Microsoft Azure Outage

spoils19 3 years ago |

It's good that Microsoft saved money via layoffs so that it balances out when customers leave Azure. Very forward thinking company.

cryptonym 3 years ago | |

Leave to go where?

On-premise and being miserable having to wait months to get a new server with poor automation, observability and worse outages? To another major cloud provider with similar pricing and outages?

Cloud helped mostly with automation and scaling but if your system is that critical, you should consider a good CDN as load balancer and multi-cloud (or at least multi-region) for actual robustness.

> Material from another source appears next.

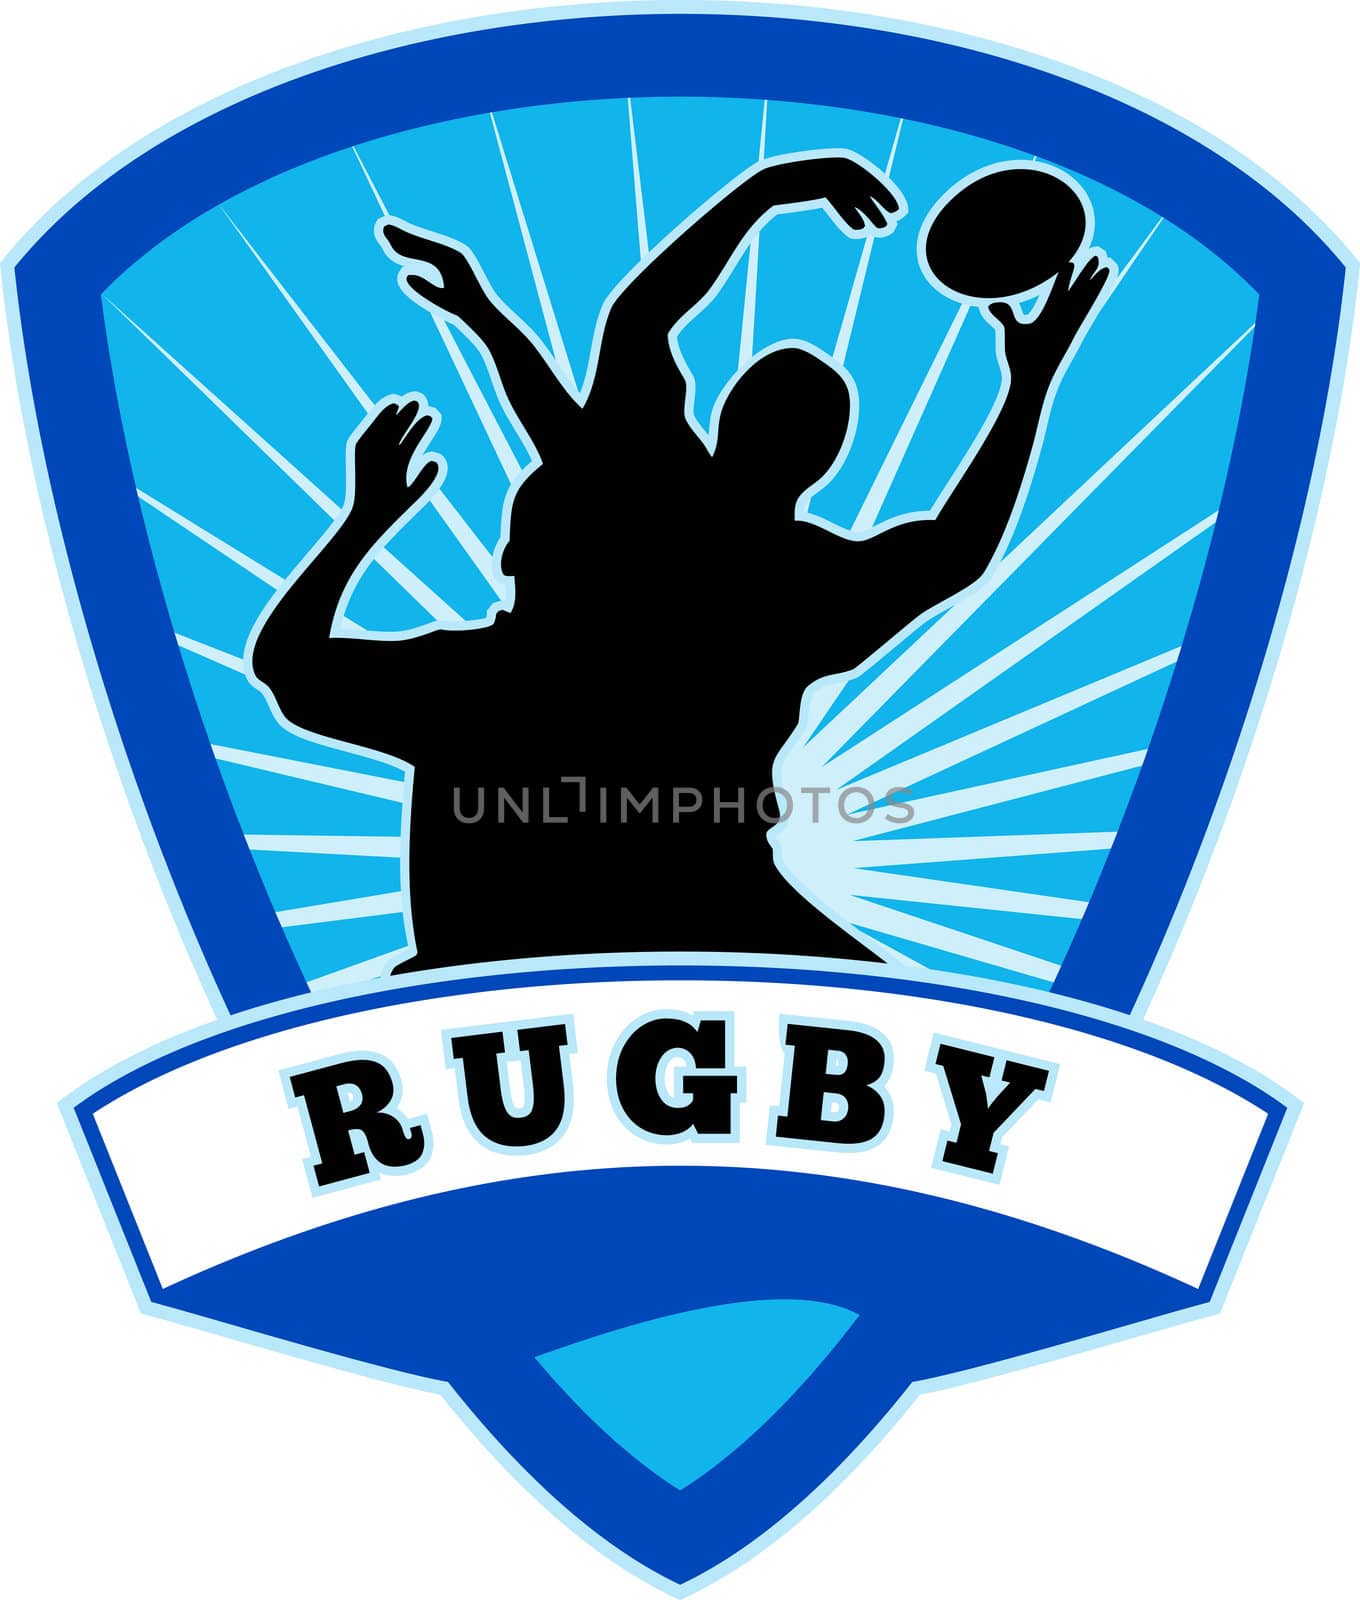 illustration of silhouette of rugby player jumping to catch line-out throw set inside shield with words rugby"
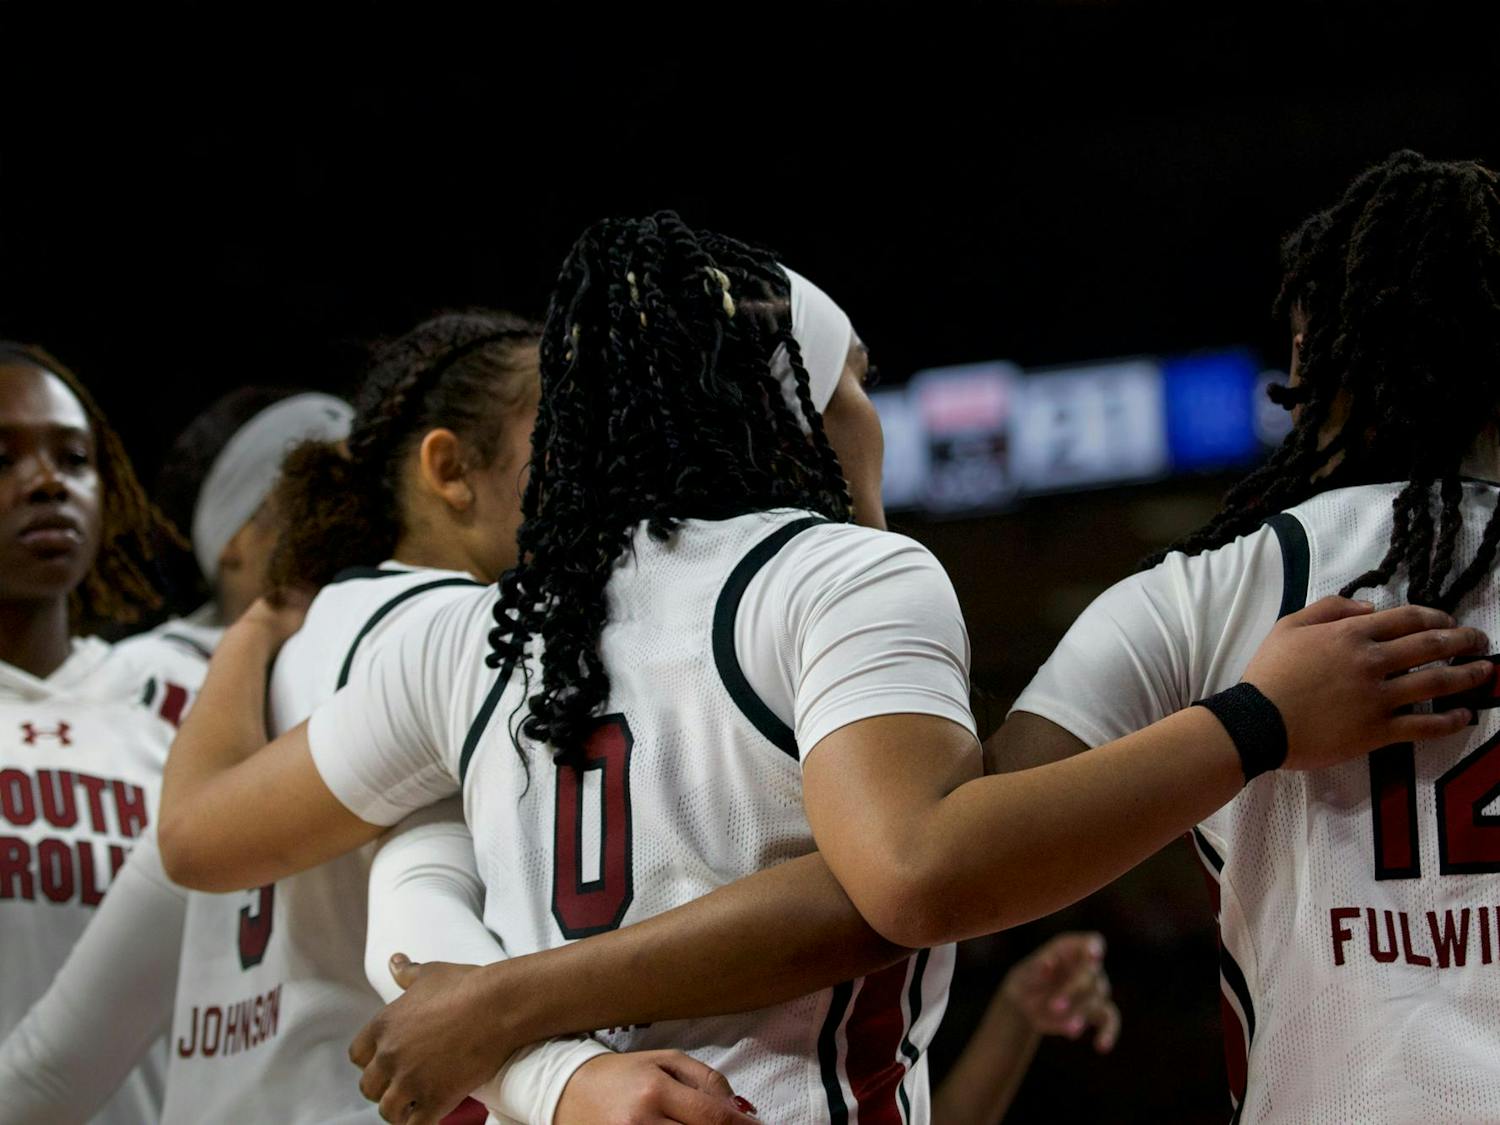 Freshman guard Tessa Johnson, senior guard Te-Hina Paopao and freshman guard MiLaysia Fulwiley huddle together during a timeout against the Kentucky Wildcats. The trio contributed 39 points during South Carolina’s 98-36 victory over Kentucky on Jan. 15, 2023.

jakewins 3 years ago | | |

AWS and GCP both have ~100% uptime in every region for VMs this month. Meanwhile the majority of Azure regions have had various outages in the same period: https://cloudharmony.com/status-of-compute

azfubar 3 years ago | | |

Almost certainly due to Azure's broken policy where we have critical change advisory's that block deployments for huge periods of time towards the end of the year because of Black Friday and then holidays. Every team has basically been unable to deploy since the week before Thanksgiving when a surprise CCOA was pushed out by leadership at the behest of a certain big customer... then there was the World Cup and the winter holidays. Nobody could really deploy anything from a week before Thanksgiving until a week after the New Years... almost two months worth of batched changes and every team YOLO button pressing as soon as they could in January.

And now layoffs so everyone is super unmotivated! Excellent stuff going on right now from Microsoft senior leadership.

fomine3 3 years ago | | |

Interesting. Can I see this longer than a month?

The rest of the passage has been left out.